A pdf of the rulegraph is available here

Full details for each step are given below. Any additional parameters for tools can be specified using config/config.yml, along with many of the requisite paths

To run the workflow with default settings, simply run as follows (after editing config/samples.tsv)

snakemake --use-conda --cores 16

If running on an HPC cluster, a snakemake profile will required for submission to the queueing system and appropriate resource allocation. Please discuss this will your HPC support team. Nodes may also have restricted internet access and rules which download files may not work on many HPCs. Please see below or discuss this with your support team

Whilst no snakemake wrappers are explicitly used in this workflow, the underlying scripts are utilised where possible to minimise any issues with HPC clusters with restrictions on internet access. These scripts are based on v1.31.1 of the snakemake wrappers

Important Note Regarding OSX Systems

It should be noted that this workflow is currently incompatible with OSX-based systems. There are two unsolved issues

  1. fasterq-dump has a bug which is specific to conda environments. This has been updated in v3.0.3 but this patch has not yet been made available to conda environments for OSX. Please check here to see if this has been updated.
  2. The following error appears in some OSX-based R sessions, in a system-dependent manner:
Error in grid.Call(C_textBounds, as.graphicsAnnot(x$label), x$x, x$y,  : 
  polygon edge not found

The fix for this bug is currently unknown

Download Raw Data

Outline

The file samples.tsv is used to specify all steps for this workflow. This file must contain the columns: accession, target, treatment and input

  1. accession must be an SRA accession. Only single-end data is currently supported by this workflow
  2. target defines the ChIP target. All files common to a target and treatment will be used to generate summarised coverage in bigWig Files
  3. treatment defines the treatment group each file belongs to. If only one treatment exists, simply use the value 'control' or similar for every file
  4. input should contain the accession for the relevant input sample. These will only be downloaded once. Valid input samples are required for this workflow

As some HPCs restrict internet access for submitted jobs, it may be prudent to run the initial rules in an interactive session if at all possible. This can be performed using the following (with 2 cores provided as an example)

snakemake --use-conda --until get_fastq --cores 2

Outputs

  • Downloaded files will be gzipped and written to data/fastq/raw.
  • FastQC and MultiQC will also be run, with output in docs/qc/raw

Both of these directories are able to be specified as relative paths in config.yml

Read Filtering

Outline

Read trimming is performed using AdapterRemoval. Default settings are customisable using config.yml, with the defaults set to discard reads shorter than 50nt, and to trim using quality scores with a threshold of Q30.

Outputs

  • Trimmed fastq.gz files will be written to data/fastq/trimmed
  • FastQC and MultiQC will also be run, with output in docs/qc/trimmed
  • AdapterRemoval 'settings' files will be written to output/adapterremoval

Alignments

Outline

Alignment is performed using bowtie2 and it is assumed that this index is available before running this workflow.
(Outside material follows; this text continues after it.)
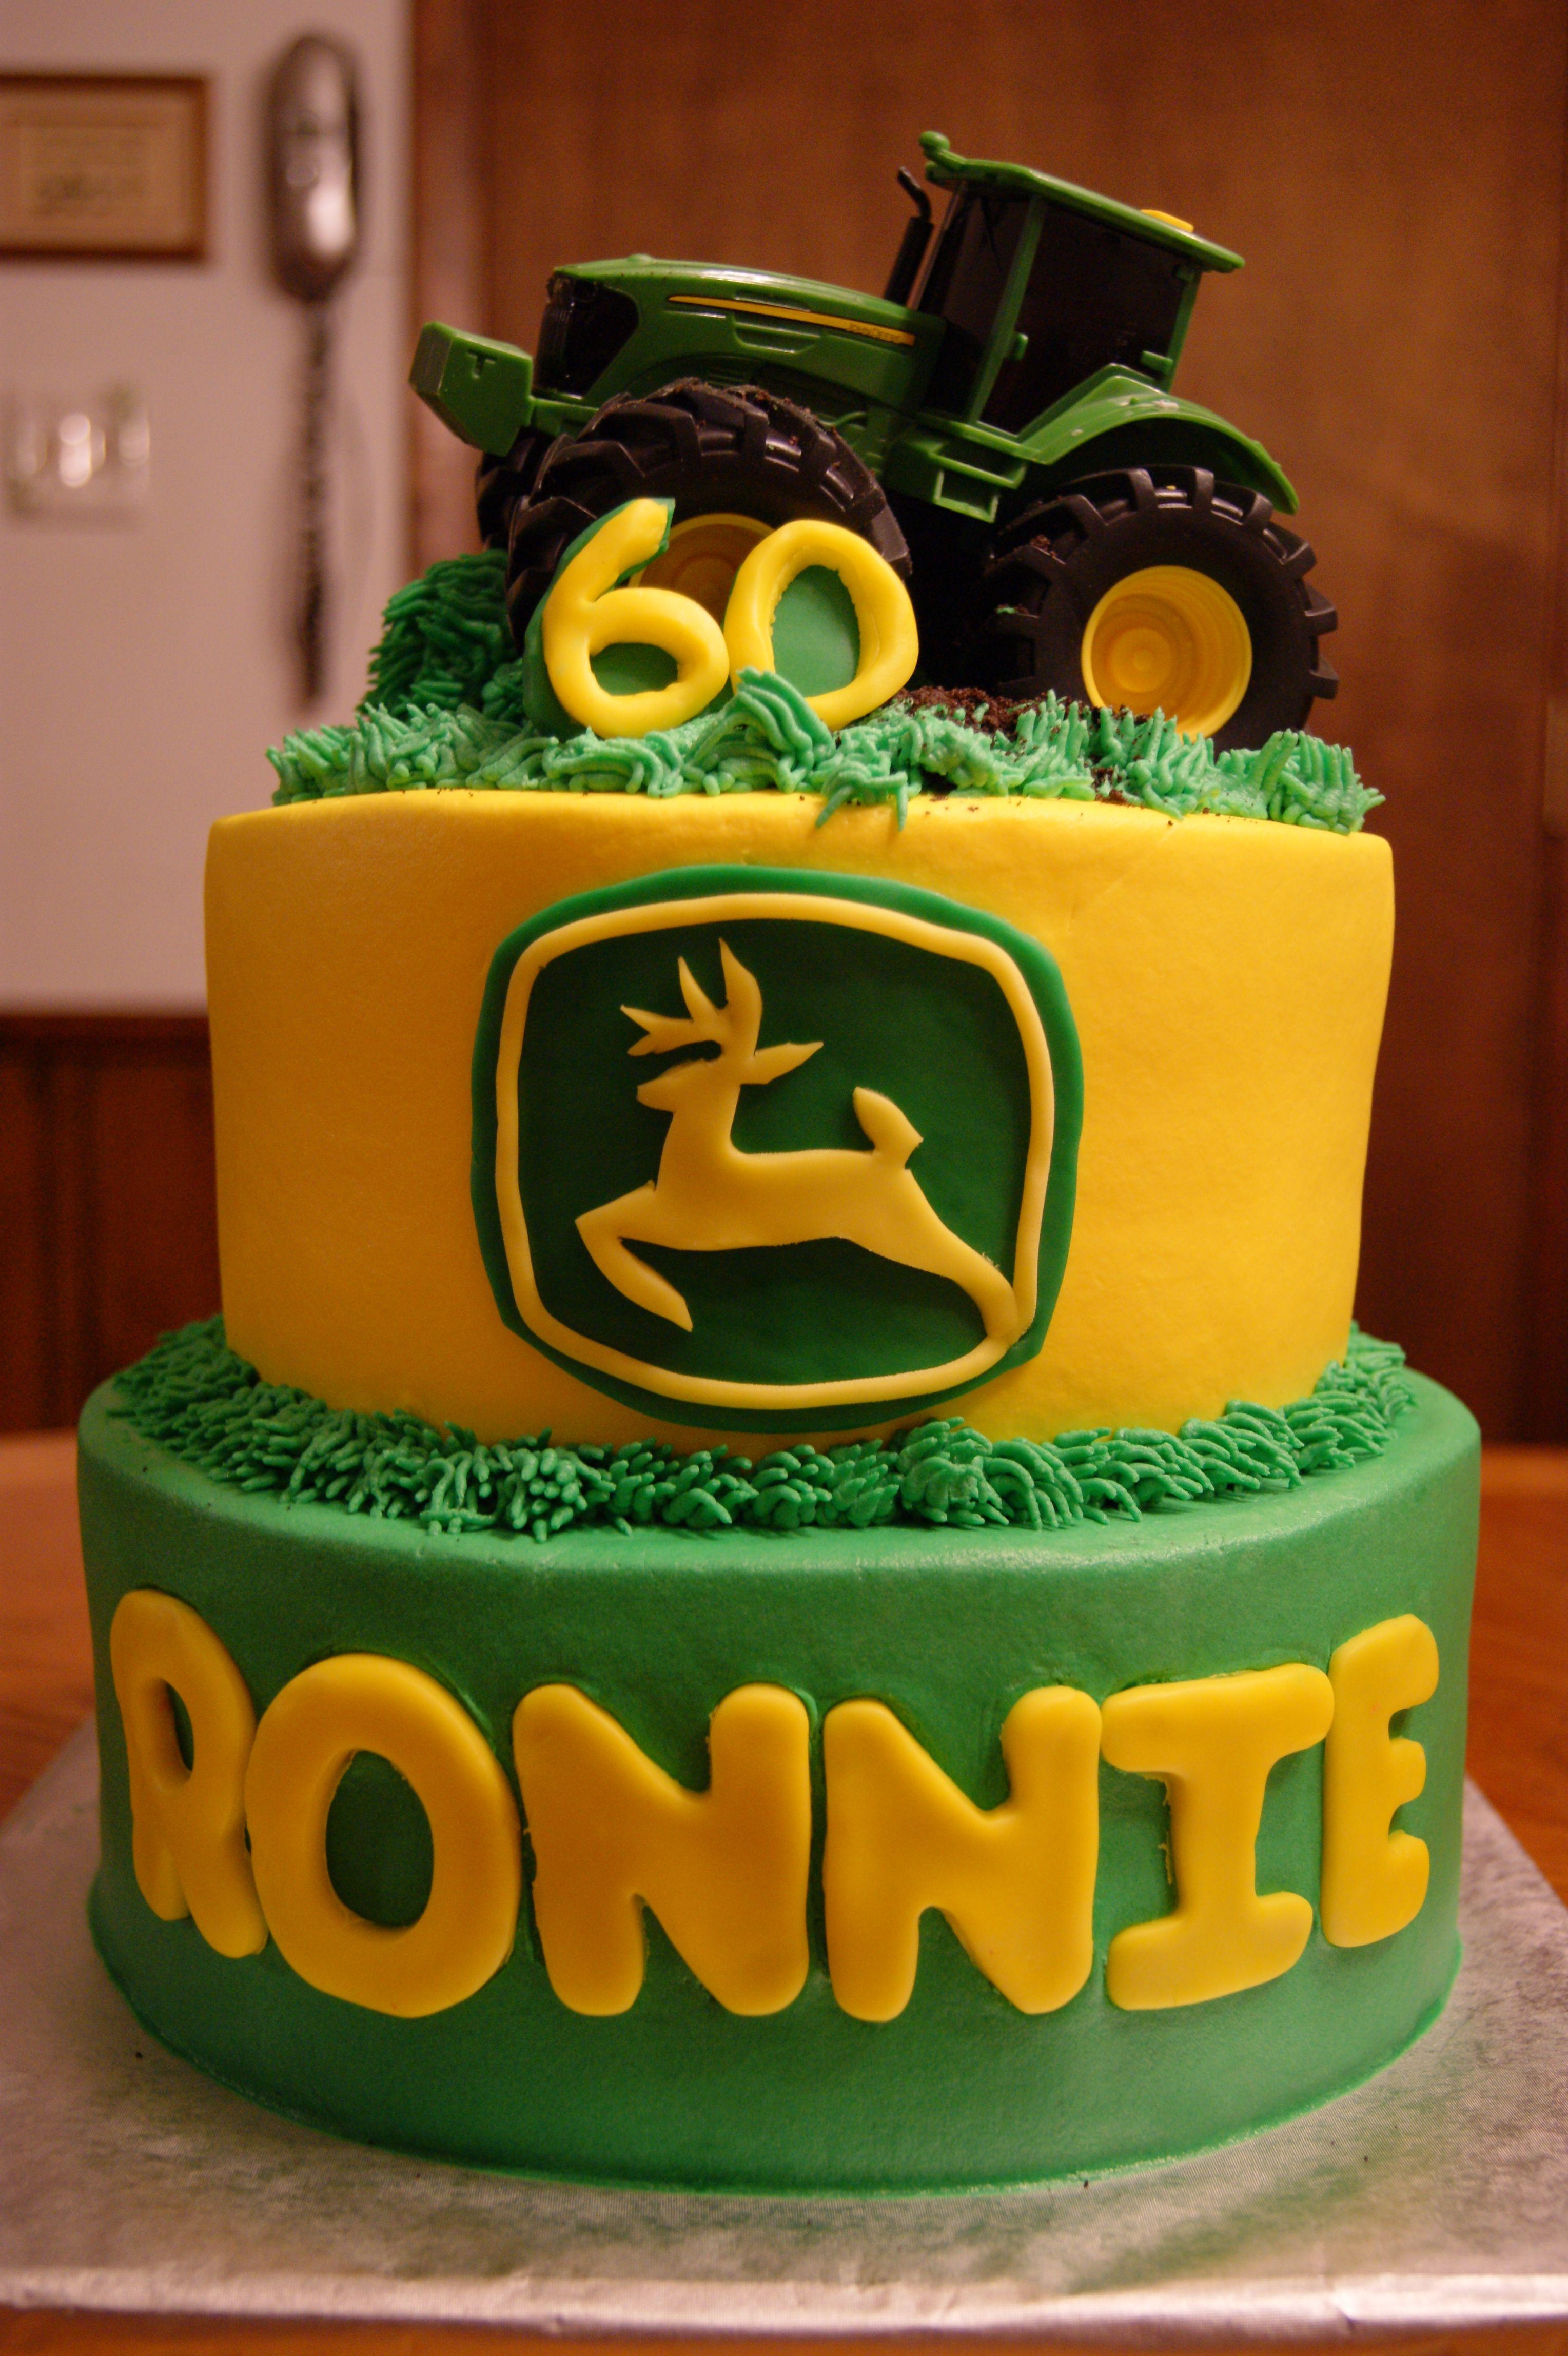 John Deere 60th Birthday Cake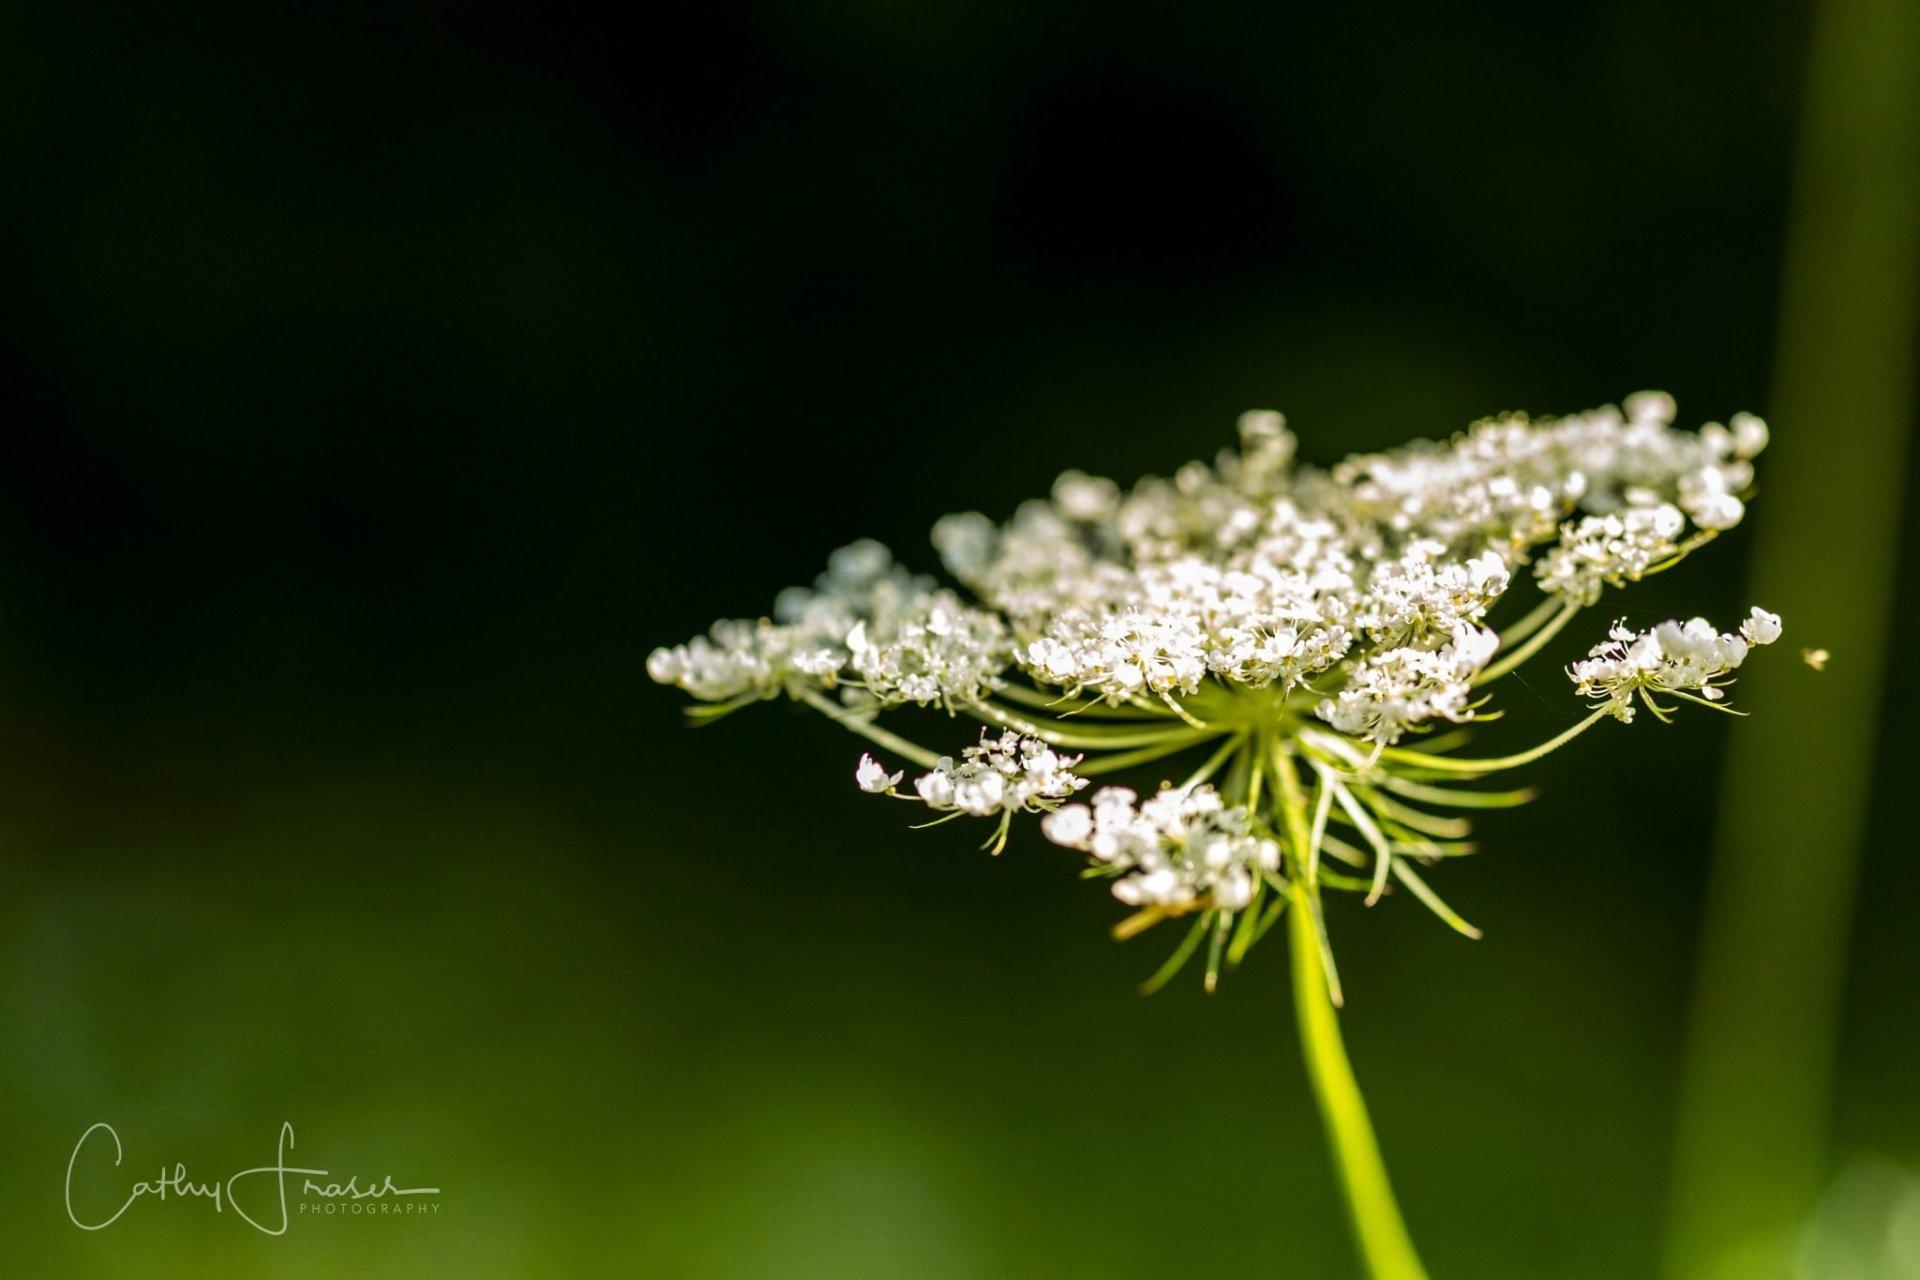 landscape photography of a flower

The path and prefix must be provided using config.yml

This index will also be used to produce the file chrom.sizes which is essential for conversion of bedGraph files to the more efficient bigWig files.

Outputs

  • Alignments will be written to data/aligned
  • bowtie2 log files will be written to output/bowtie2 (not the conenvtional log directory)
  • The file chrom.sizes will be written to output/annotations

Both sorted and the original unsorted alignments will be returned. However, the unsorted alignments are marked with temp() and can be deleted using

snakemake --delete-temp-output --cores 1

Deduplication

Outline

Deduplication is performed using MarkDuplicates from the Picard set of tools. By default, deduplication will remove the duplicates from the set of alignments. All resultant bam files will be sorted and indexed.

Outputs

  • Deduplicated alignments are written to data/deduplicated and are indexed
  • DuplicationMetrics files are written to output/markDuplicates

Peak Calling

Outline

This is performed using macs2 callpeak.

  • Peak calling will be performed on: a. each sample individually, and b. merged samples for those sharing a common ChIP target and treatment group.
  • Coverage bigWig files for each individual sample are produced using CPM values (i.e. Signal Per Million Reads, SPMR)
  • For all combinations of target and treatment coverage bigWig files are also produced, along with fold-enrichment bigWig files

Outputs

  • Individual outputs are written to output/macs2/{accession}
    • Peaks are written in narrowPeak format along with summits.bed
    • bedGraph files are automatically converted to bigWig files, and the originals are marked with temp() for subsequent deletion
    • callpeak log files are also added to this directory
  • Merged outputs are written to output/macs2/{target}/
    • bedGraph Files are also converted to bigWig and marked with temp()
    • Fold-Enrichment bigWig files are also created with the original bedGraph files marked with temp()